_THE PROBLEM_:
In the listing that follows, find the line with "Mickey Mouse at", then copy exactly from it through the line with "Brass hardware decorative items 2e1403", leaving out every picture.

===== SOURCE DATA =====

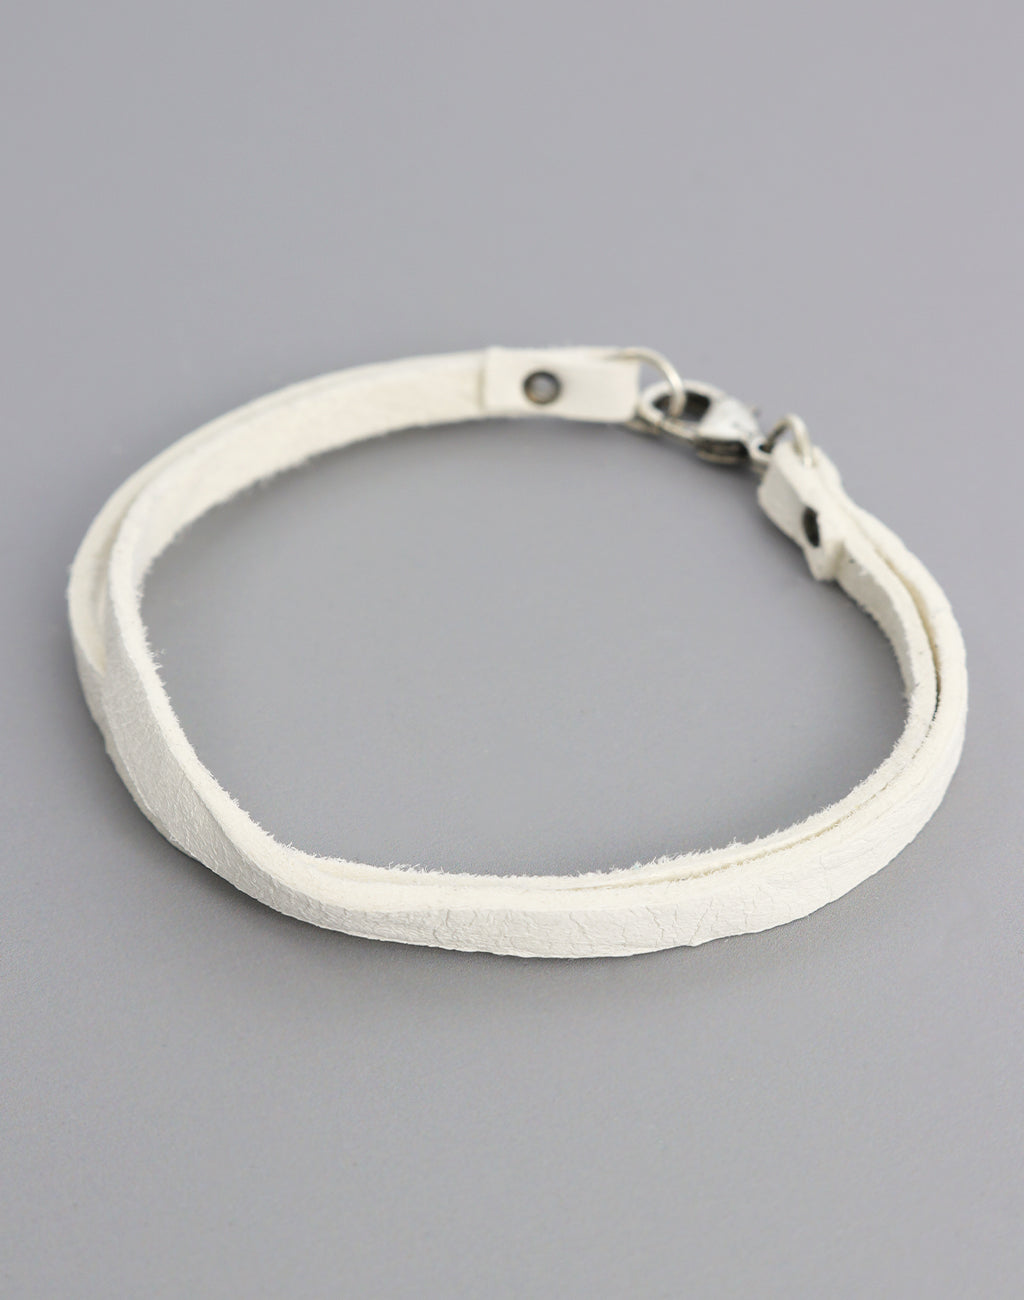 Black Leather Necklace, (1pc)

=====
===== SOURCE DATA =====

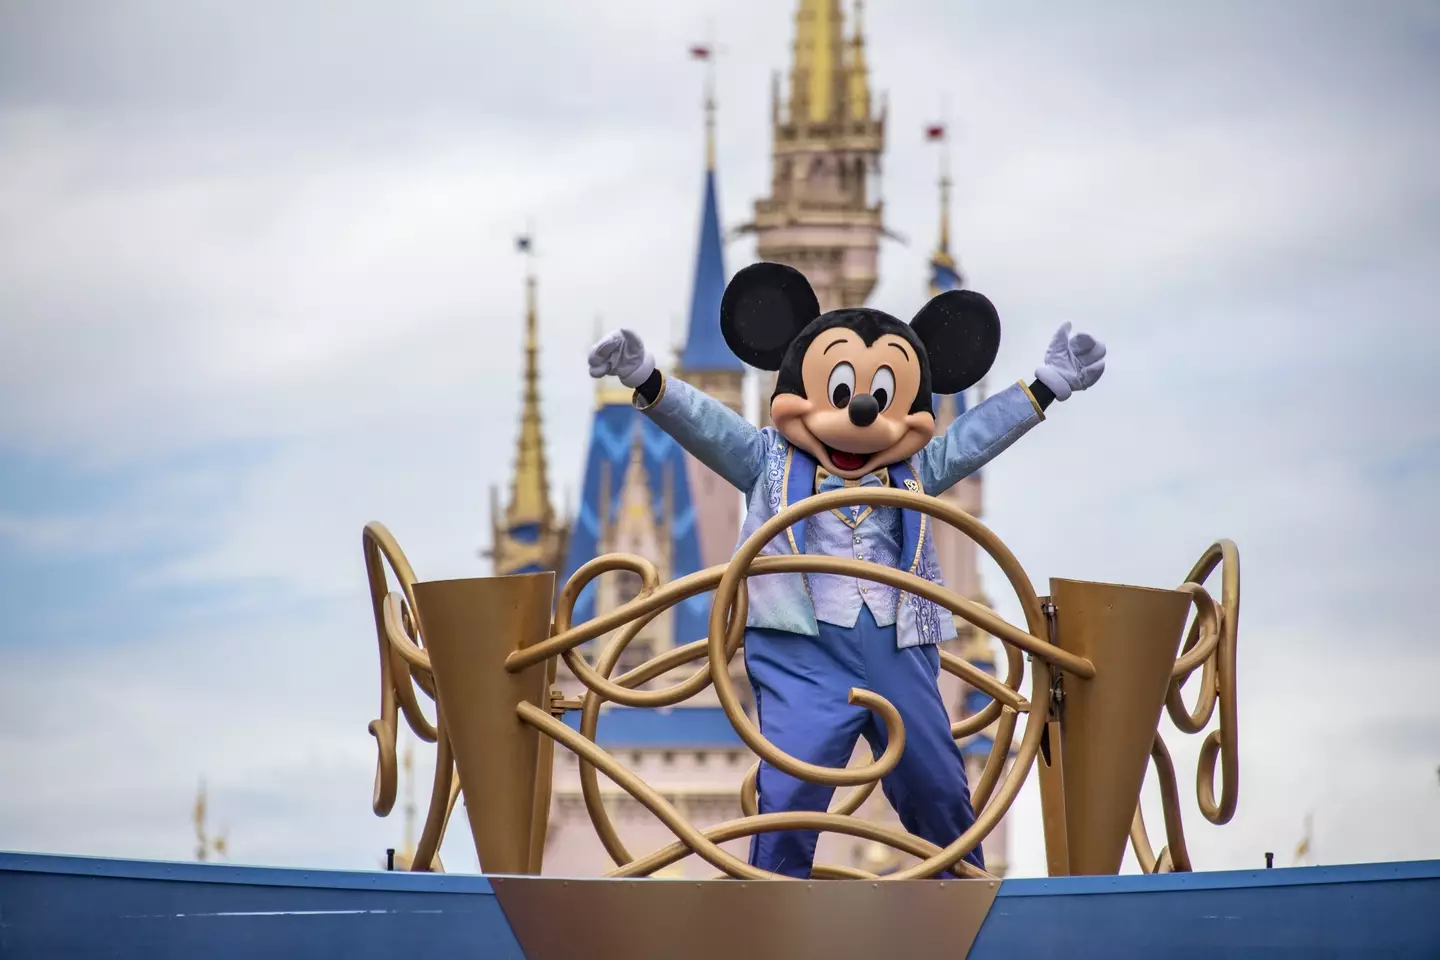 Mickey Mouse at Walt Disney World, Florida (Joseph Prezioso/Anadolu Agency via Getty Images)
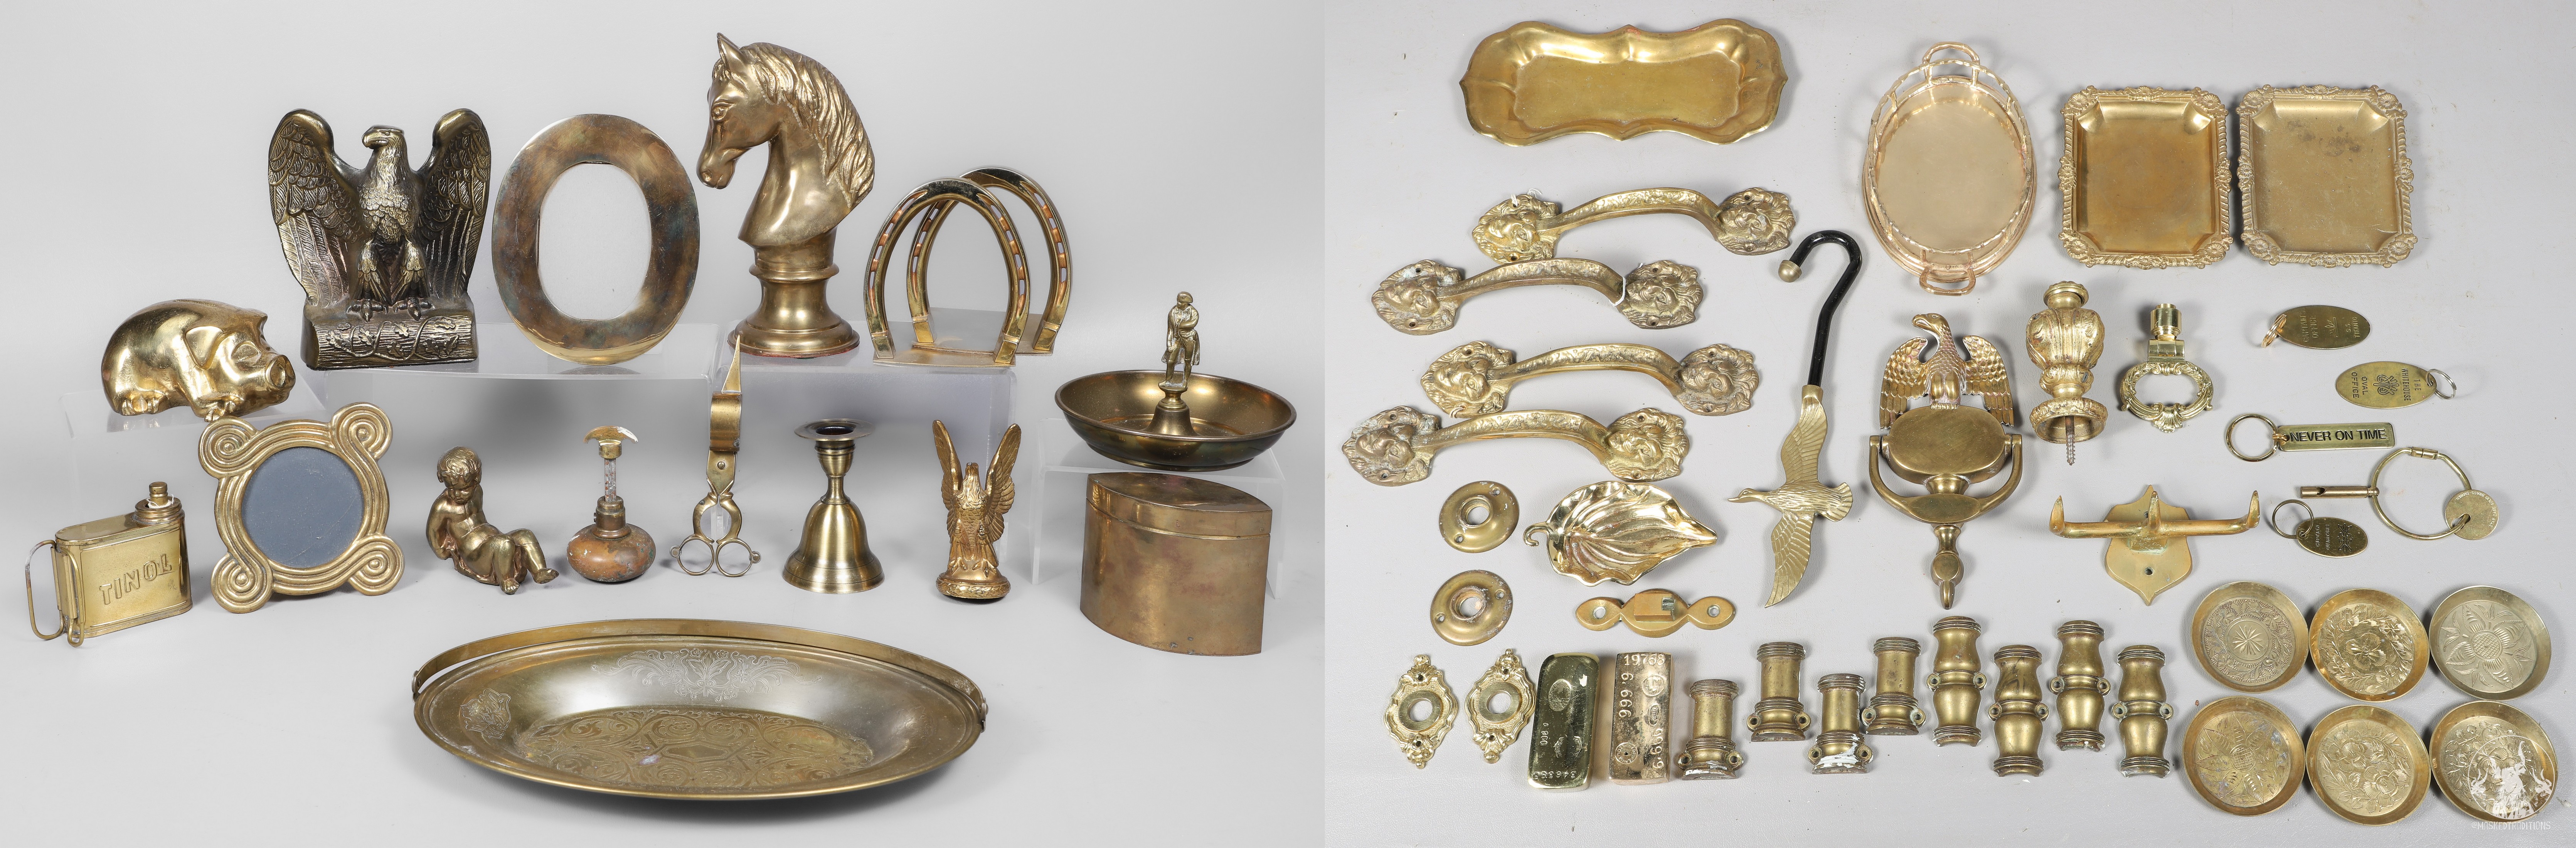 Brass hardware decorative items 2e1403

=====

_SOLUTION TO THIS TASK_:
 Mickey Mouse at Walt Disney World, Florida (Joseph Prezioso/Anadolu Agency via Getty Images)
 Brass hardware decorative items 2e1403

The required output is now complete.